-- What you will do --
Print the data exactly as written, line for line, and leave its pictures behind.

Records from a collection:
· · · · ·

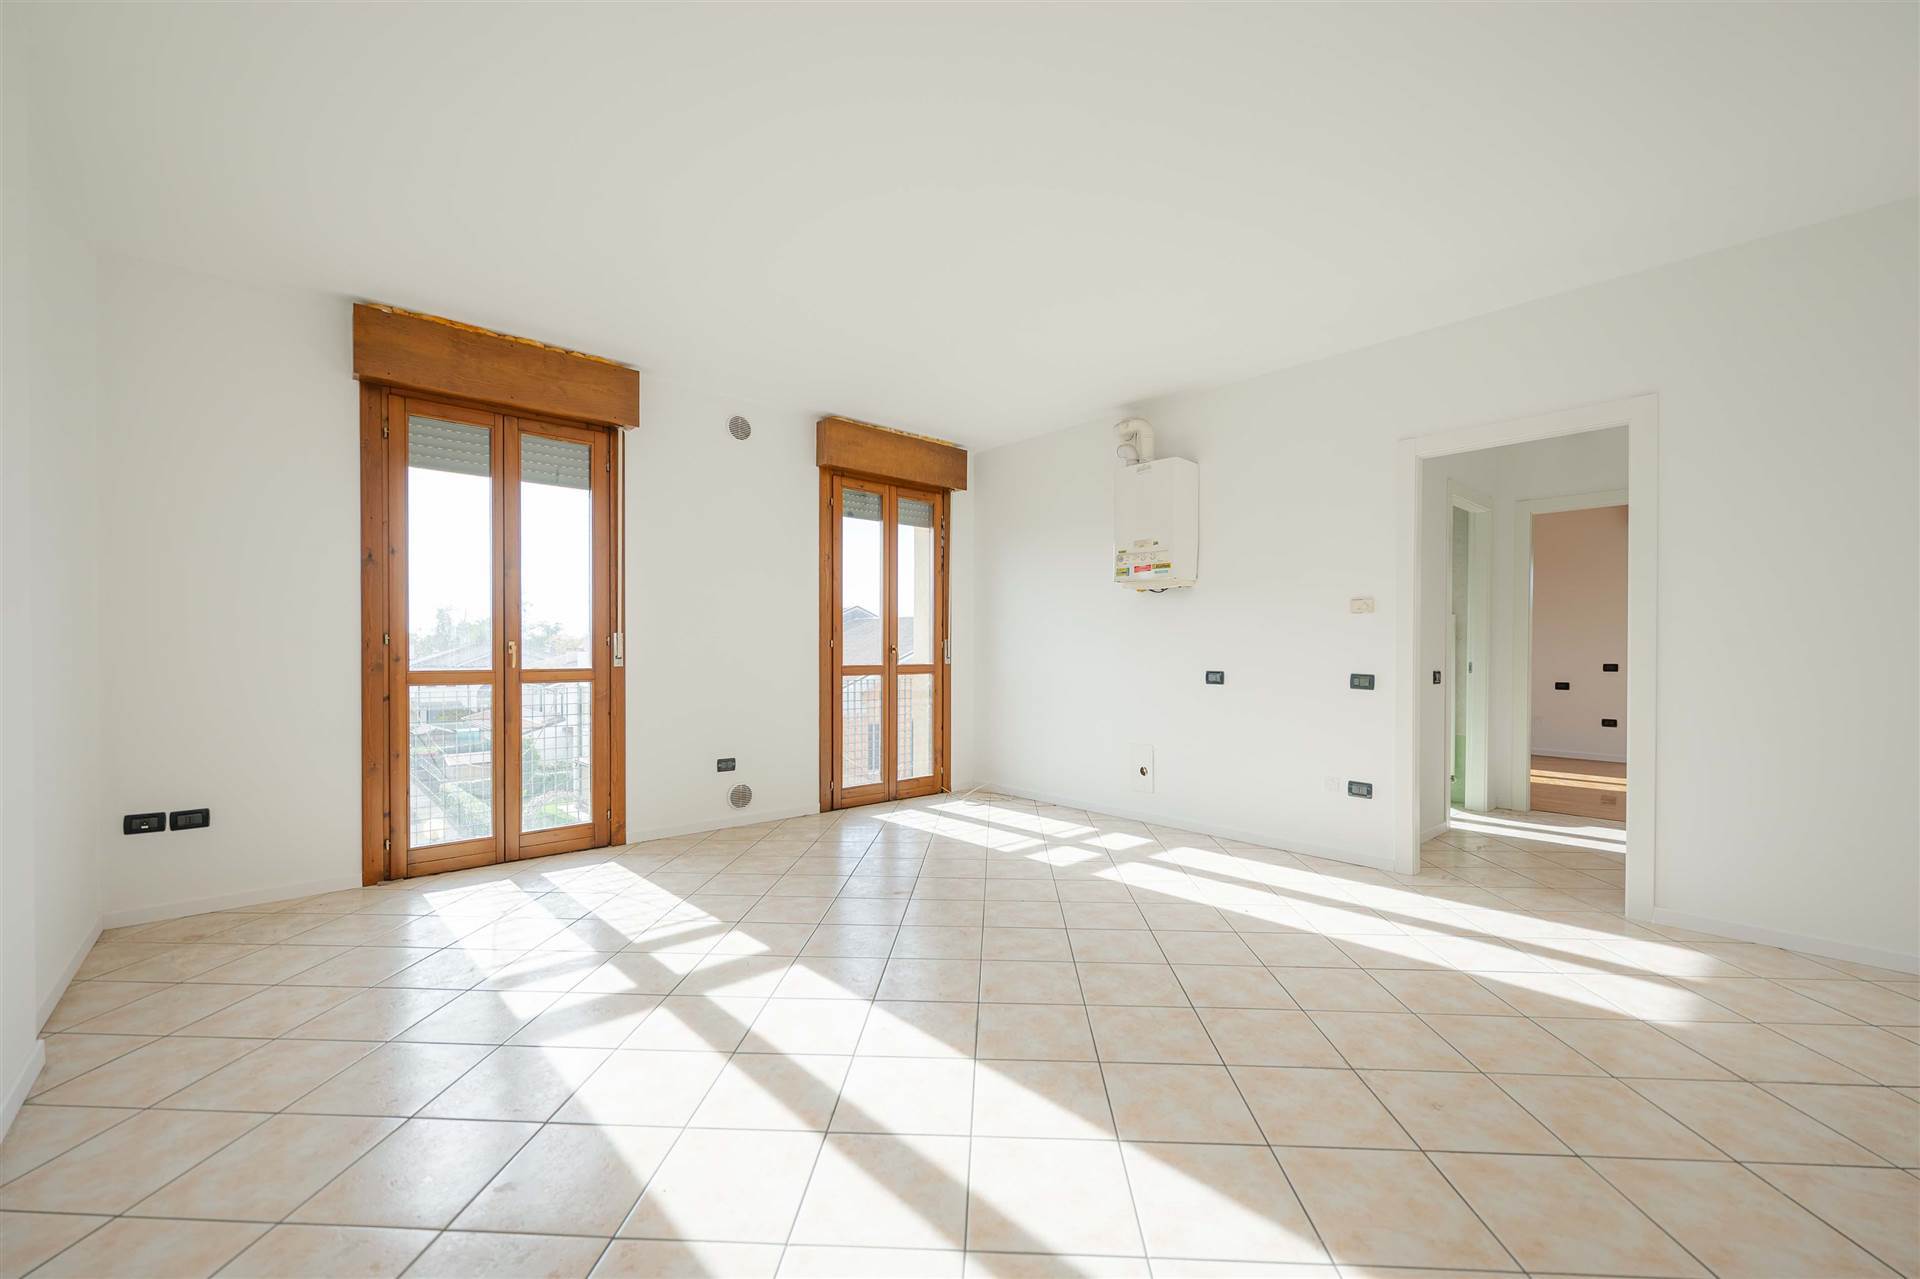 Appartamento in vendita a Piombino Dese, 4 locali, prezzo € 107.000 | PortaleAgenzieImmobiliari.it
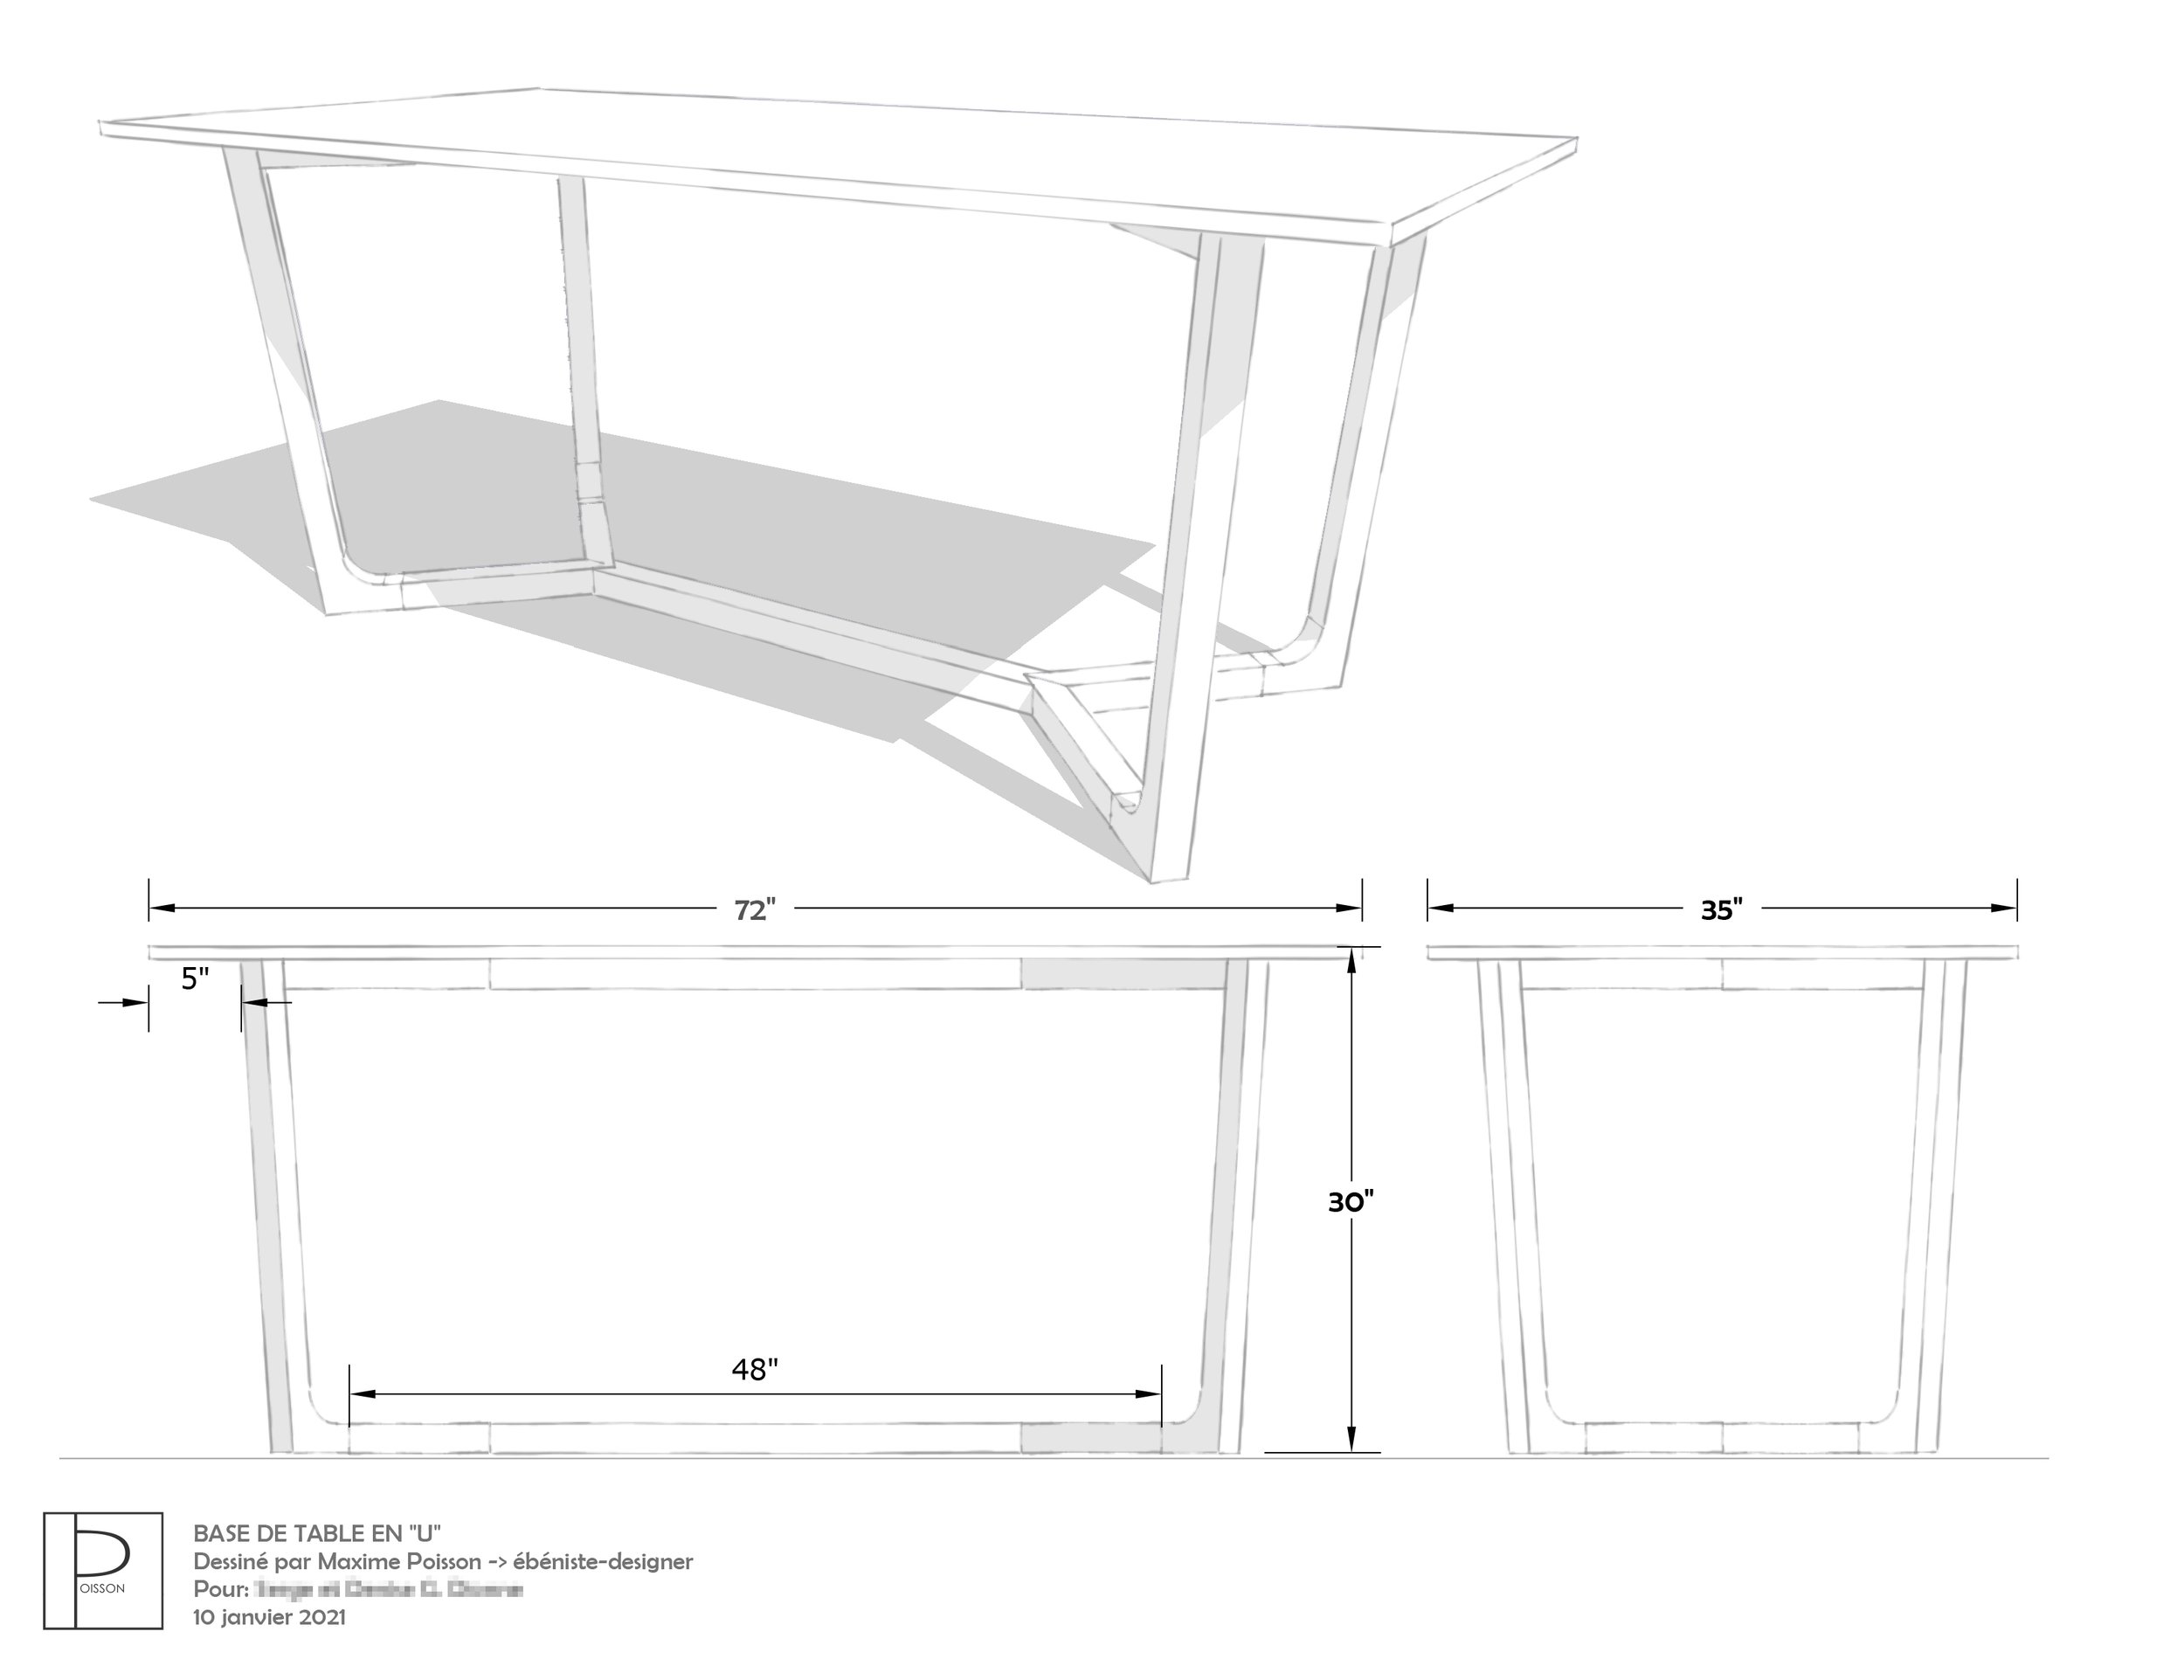 Dessin technique d'une table en 3 dimensions (copie)
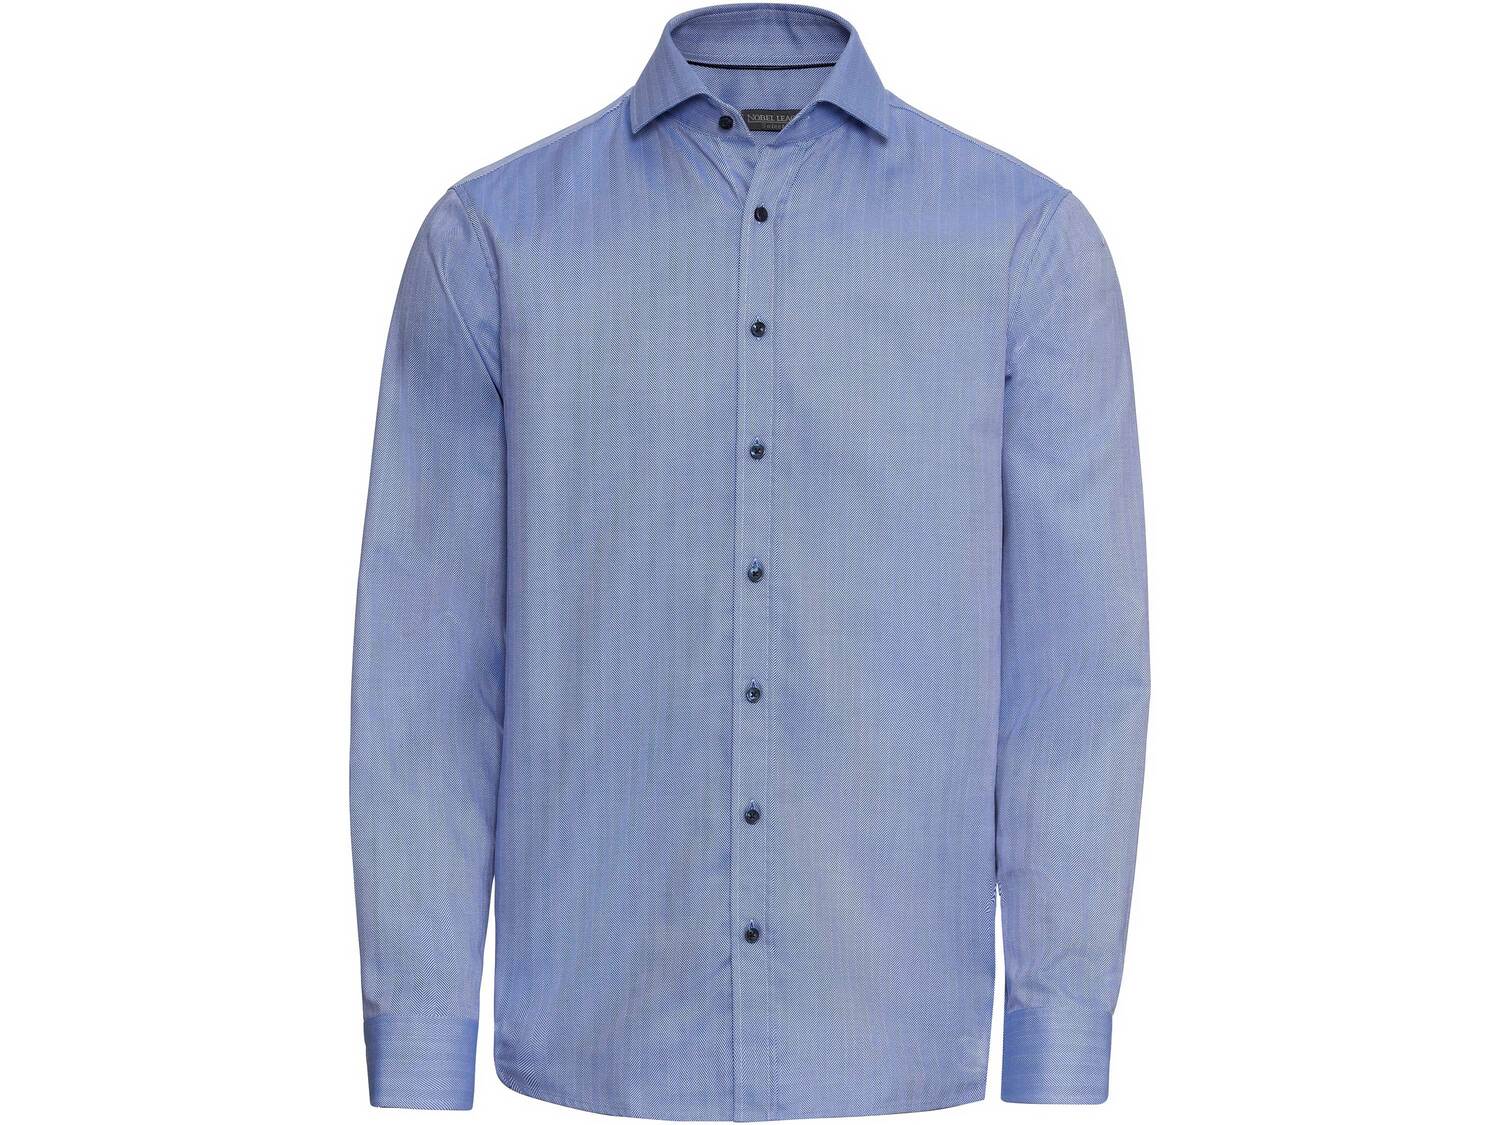 Koszula , cena 49,99 PLN 
- 100% bawełny
- rozmiary: 39-42
- slim fit - krój ...

· · · · ·

-- Finished exercise --
 Appartamento in vendita a Piombino Dese, 4 locali, prezzo € 107.000 | PortaleAgenzieImmobiliari.it
 Dessin technique d'une table en 3 dimensions (copie)
 Koszula , cena 49,99 PLN 
- 100% bawełny
- rozmiary: 39-42
- slim fit - krój ...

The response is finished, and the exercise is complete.